CRÔNICAS

SAMUEL BENCHIMOL: UM POUCO-ANTES, ALÉM-DEPOIS

Em: 08 de Julho de 2002 Visualizações: 3658

.Numa crônica divertida, Nelson Rodrigues afirma que os ingleses não existem. A Inglaterra é, portanto, uma paisagem sem ingleses. O inglês, tal como o imaginamos - o gentleman de porte altivo, maneiras elegantes, dotado de sense of humour - é produto da nossa fantasia. Quem, então, mora na Inglaterra? São pessoas como os hooligans, aqueles torcedores violentos, estúpidos e bárbaros.
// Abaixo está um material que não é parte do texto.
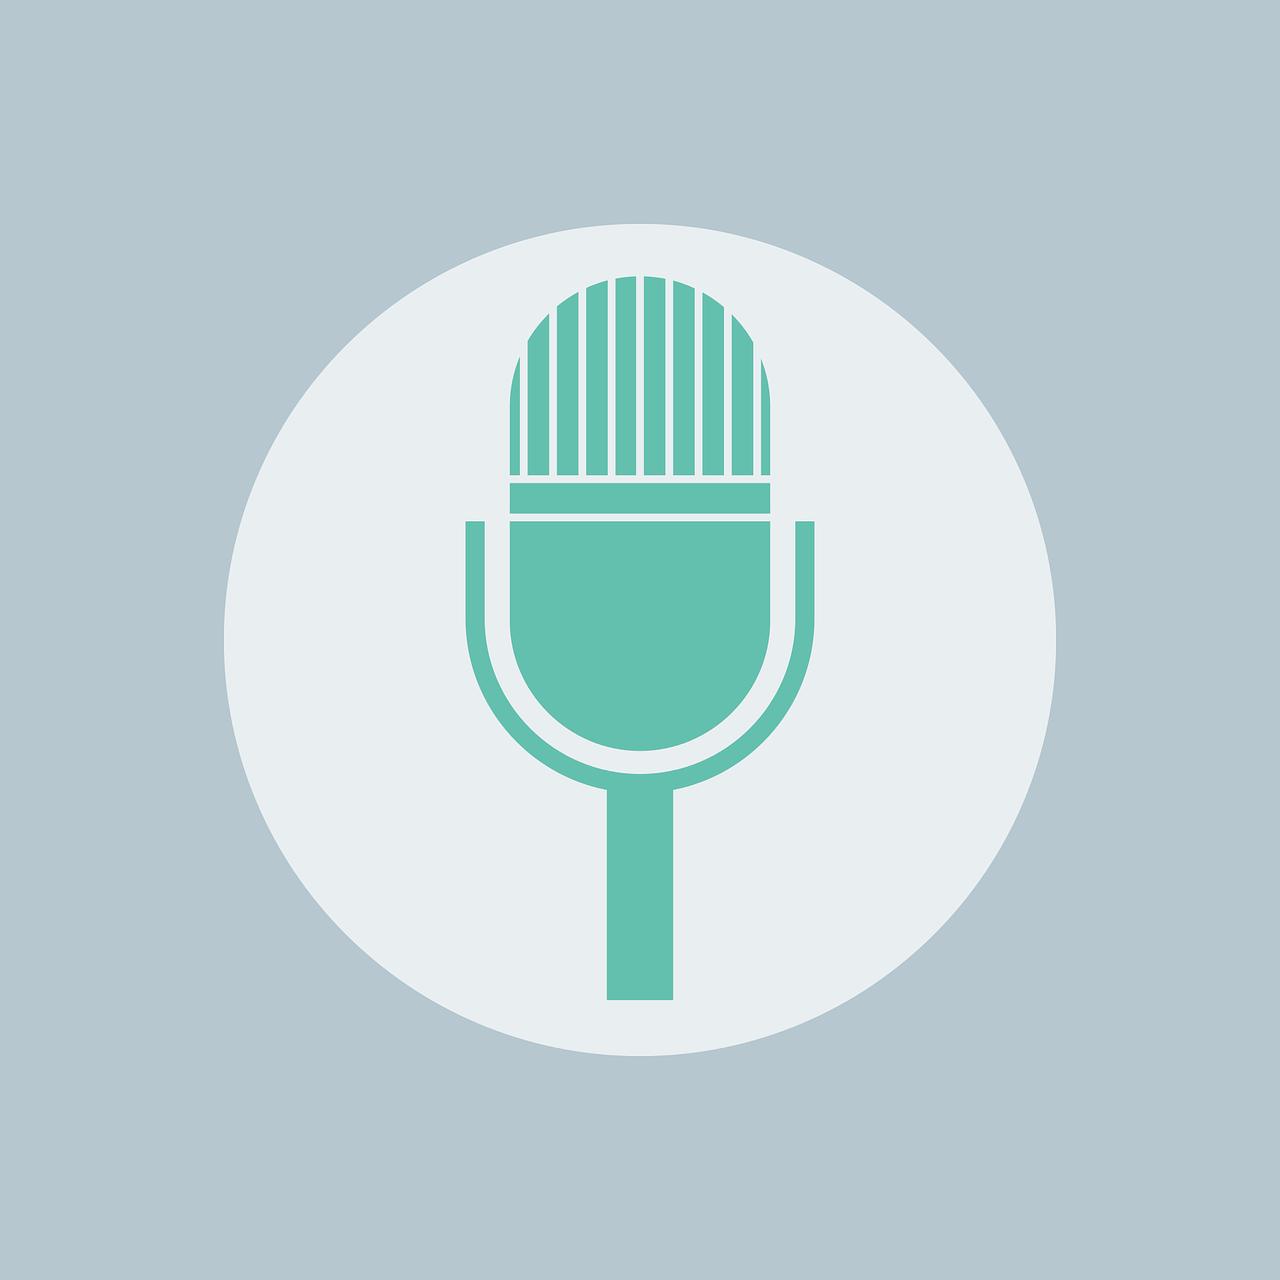 Arte com o ícone de um microfone verde no centro da imagem.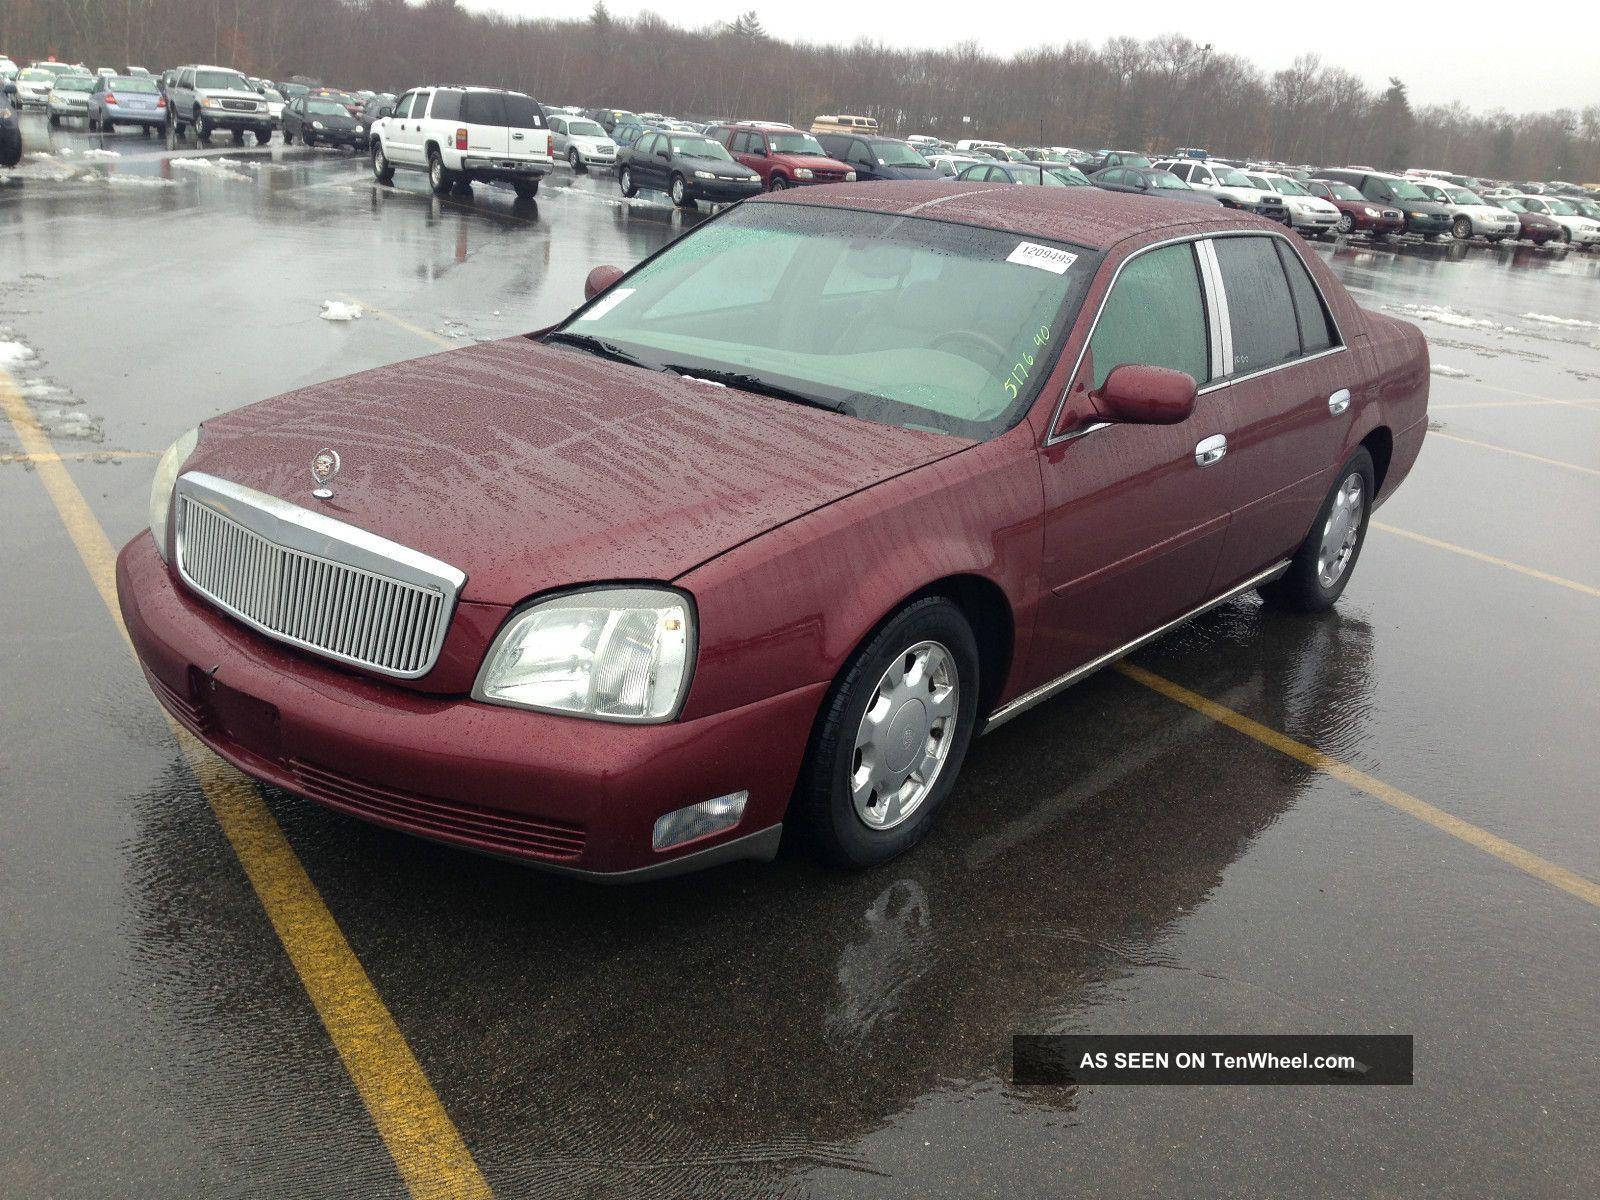 2001 Cadillac Deville Repo Repo Very DeVille photo

Nelson Rodrigues abre uma exceção:

-  O único inglês da vida real, de fala mansa e sentimentos nobres, vive no Rio de Janeiro, é o escritor brasileiro Antônio Callado.

As exceções certamente seriam duas, se o cronista tivesse conhecido Samuel Benchimol, nascido ali, na rua Quintino Bocaiúva, em Manaus, no dia 13 de julho de 1923. Paraense por parte do pai, Isaac, cujo berço foi o barranco do rio Tapajós, e amazonense por parte da mãe, Nina, nascida em Tefé, esse canceriano honrou sua dupla identidade amazônica. Mas, apesar disso, continuou sendo um inglês legítimo, porque sóbrio, discreto, elegante, transpirando serenidade, polidez, delicadeza. Enfim, um lorde, de fino trato, com o seu "perfil de medalha, de moeda".

Essa imagem do professor Samuel Benchimol, que acaba de nos dar seu último adeus, ficou registrada em minha memória, desde a primeira vez que o vi, em 1977, quando voltei do exílio. Naquele momento, a Faculdade de Economia da Universidade do Amazonas organizava um ciclo de debates sobre a re-divisão territorial da Amazônia Legal. Compareci à palestra dele, crente que iria encontrar um "coronel de barranco". Surpreendi-me com um conferencista charmoso, dono de um estilo requintado que cativava a todos com um discurso fluente, idéias claras, argumentos sólidos, apoiados numa lógica cartesiana, bem costurada.

Nos mapas que usou na palestra, percorria cada paraná, cada igarapé, com a mesma facilidade com que descia o rio Abunã, onde passou sua infância. O público ficou hipnotizado. No final, mesmo discordando de algumas conclusões, saí com as convicções abaladas e com uma vontade danada de ler sobre a Amazônia. Aliás, essa foi uma de suas funções: provocar a vontade de saber, estimular a fome do conhecimento, desafiar a inteligência a decifrar os enigmas tropicais.

Ninguém pode entender, hoje, a Amazônia, desconhecendo a vasta obra do professor Samuel Benchimol. Apaixonado pela região, ele estudou a sua formação econômica, com destaque para o período histórico da borracha: o seringal, o seringueiro, o migrante nordestino, a geografia, o contexto cultural, além de discorrer sobre os polos de crescimento, a zona franca de Manaus, a política florestal e as estratégias de integração.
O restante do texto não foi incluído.